Our least favorite question is “Where are you from?”

Sigh.

There’s no good answer, and few people — even other RV park neighbors — seem comfortable accepting, “Right here for now.”

When I don’t feel like explaining, I say San Antonio, which is the last place we lived in a “real” house before we moved into The Toad. It’s the city we use as a home base for mail and medical, and we’ve got family in town, but we no longer own property or intend to live there again, so it’s not exactly home, but it makes for an expedient answer in a potluck line.

We were two happy kids at the title company, the day we closed on the sale of our Texas house, in March of 2016.

Home is where we can live in our own space but also be tourists

Because we have chosen to make this 5th wheel our only home, and to spend as much time as possible traveling in it, we become both visitors and residents at every stop.

We feel like visitors because we are unfamiliar with the place, and often spend the first few days exploring the area’s most notable museums, parks, restaurants and other tourist attractions.
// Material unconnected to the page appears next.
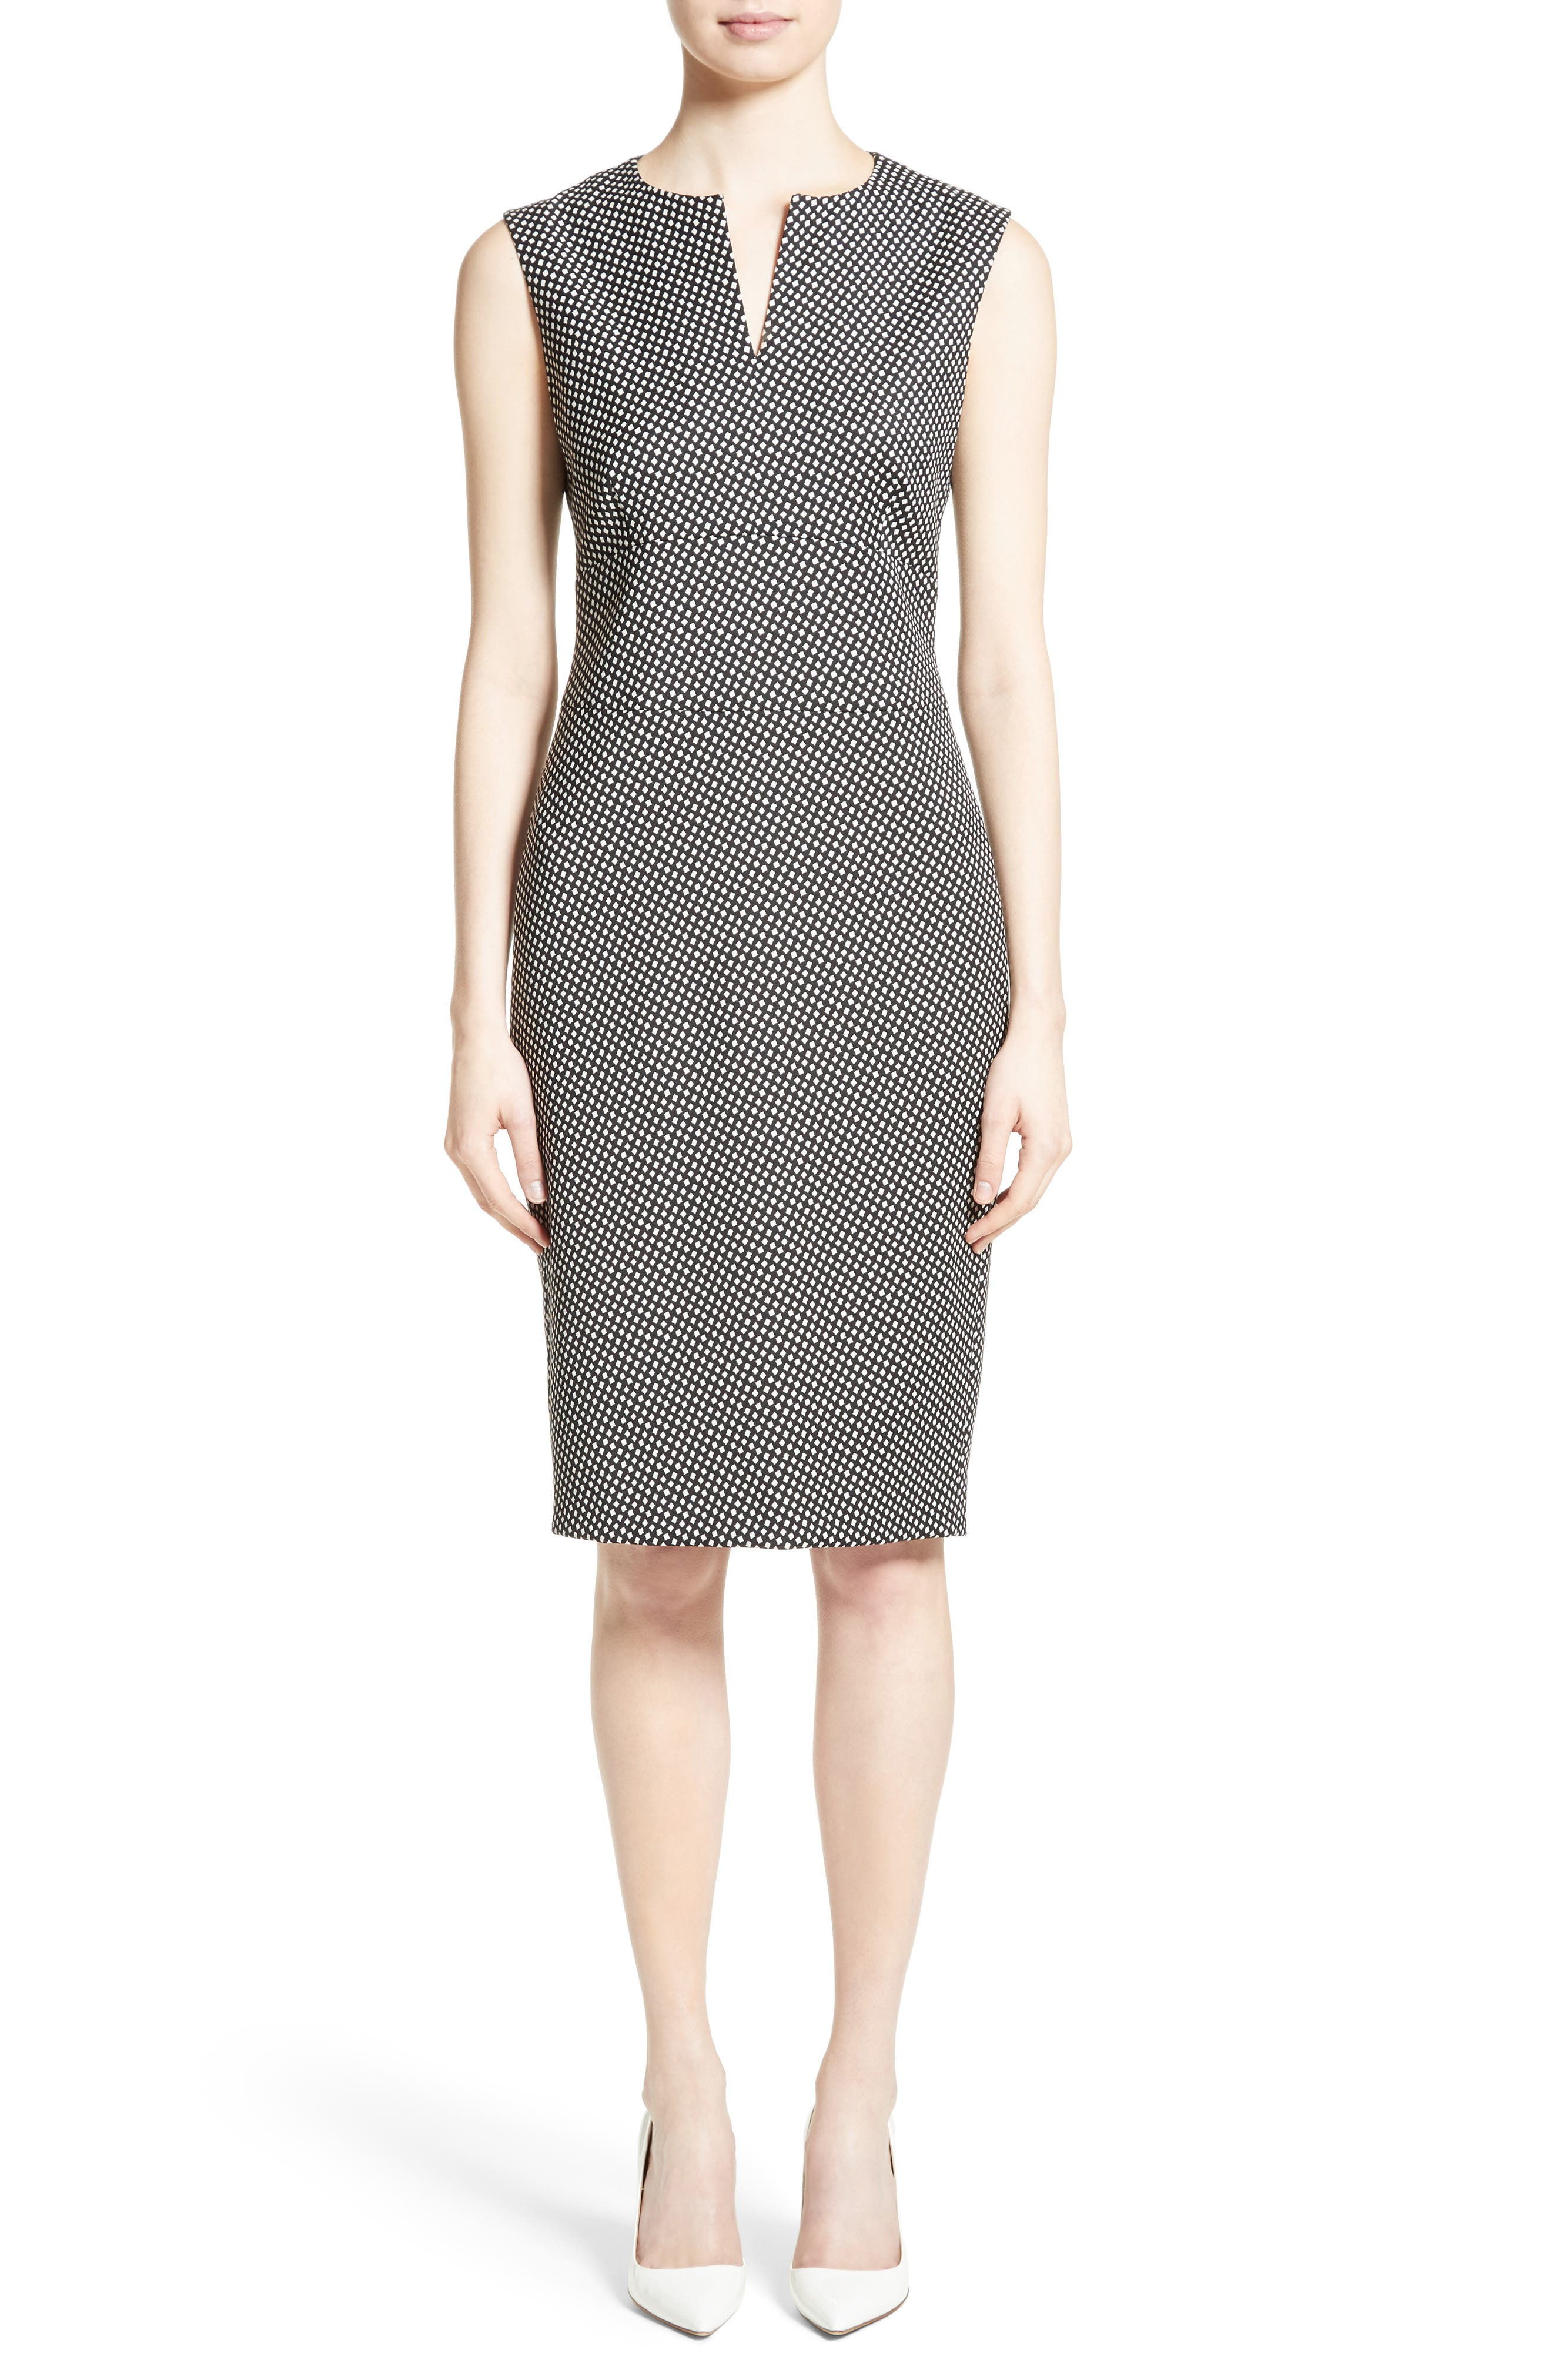 Alternate Image 1 Selected - Max Mara Cerea Sheath Dress

And we feel like residents because for a week or more, we are living there — sending and receiving packages; doing our grocery shopping, laundry, banking, household and vehicle maintenance; and contributing to the local economy by patronizing independent merchants as often as possible.

Our 2008 Heartland Bighorn at its birthplace in Elkhart, IN, in June 2016

Home is where we’ve lived before

We’re a retired military family, so we’ve got a long list of cities we’ve called home. These places are where our memories are, where friends still live, and they will always be home to us in some way, even if we never plan to live in any of them again.

In fact, you could say that the previous item also applied to our military lifestyle: we lived in various places for anywhere from 18 months to 6 years, never feeling completely like residents, yet taking advantage of each area’s many activities and destinations in fairly short order — like tourists do.

As full-time RV’ers with an empty nest, we are essentially continuing our moving pattern as a military family, only at more frequent intervals, and without having to worry about school districts anymore!

This wooden plaque, our very first RV-warming gift, helps our house-on-wheels feel like home.

Home is where we might want to live someday

With no exact timeline, we are using this lifestyle to find our next permanent residence, and we try to view each RV travel destination with an eye toward future home-worthiness. We’ve saved several different publications’ lists of “Best Places to Retire,” “Best Small Towns in America,” etc., and this year we plan to spend more time checking out some of those cities, to see for ourselves whether they’d make our list.

Home is where our children visit

This is my favorite one!

Both of our sons (a 21-year-old living in WA, and a 19-year-old living in TX) have taken turns staying with us for brief periods in our house on wheels. Wherever we’re parked can be a home to them, because we can still spend valuable time together as a family. Even in the RV, we make their favorite foods, celebrate birthdays and holidays, play games and watch movies, and sometimes even yell at them to GET OUT OF BED BECAUSE IT’S FREAKIN’ NOON ALREADY! 

Just. like. home.

Both of our sons know their way around a toolbox, so when they visit us in the RV, we put them to work!

(Author’s note: a version of this post appears at Heartland RVs. It is printed here with permission.)